Suicide Squad: Rebirth #1 (DC)



Rating: 3.5/5 – Multiple Inkers Made for Art that Failed to Impress.
By ComicSpectrum senior reviewer Shawn Hoklas.

Although actress Margot Robbie is getting plenty of positive attention for her portrayal of Harley Quinn on screen, the Suicide Squad movie just released this weekend is getting reviews that are good, bad and everything in between. Unfortunately I haven’t seen it yet, but DC was smart to coincide the release of not one, but two related Rebirth launches with the movie. Not only did we get an all new Rebirth issue of Harley Quinn by the same fantastic team that just wrapped up her previous series, but we also got a Rebirth issue for Suicide Squad by writer Rob Williams, artist Philip Tan and a few different inkers.

DC has lately, much more than I like, used a team of inkers to finish their books. I’m not a huge fan of Philip Tan’s art to begin with, although I loved his Green Lantern run that introduced Larfleeze. I think his pencils lend more towards natural and organic landscapes or alien settings moreso than what we see in this issue. His Rick Flagg never looks quite right in both face and anatomy and Deadshot’s mask and costume has a Witchblade-like feel to it making it much too busy rather than sporting a more clean and streamlined look. Adding in the three inkers and the book failed to impress me visually. There are multiple styles within this issue that are all similar, but less cohesive than I’d like to see. With Jim Lee alternating art chores on this book I know this series will be a big seller, but that jarring change between artists may eventually begin to turn off fans.

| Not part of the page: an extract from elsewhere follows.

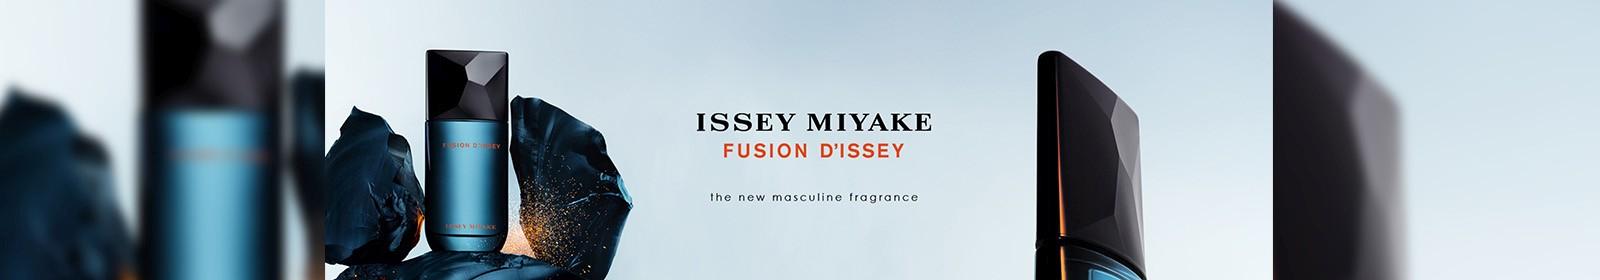 cosmetice/baie-si-corp issey_miyake

In terms of story, Harley Quinn doesn’t dominate the story or action which is good as Rob Williams balances the small cast that stars Harley, Deadshot, and Boomerang. They’re tasked with saving and extracting a scientist out of China who has developed a meta-bomb that’s capable of giving normal people powers for thirty-six hours, but it also negates the powers of super heroes for the same amount of time. Like the other Rebirth issues, this is a done-in-one story that is designed to attract new readers and I think the story definitely succeeds here. There’s maybe a bit too much set up at the beginning with Amanda Waller and Rick Flagg, but it provides a mechanism for Williams to tell the Suicide Squad’s origin. Of the two Suicide Squad related releases this week, Harley Quinn was the more enjoyable, but this issue had a solid story despite art that I just couldn’t enjoy.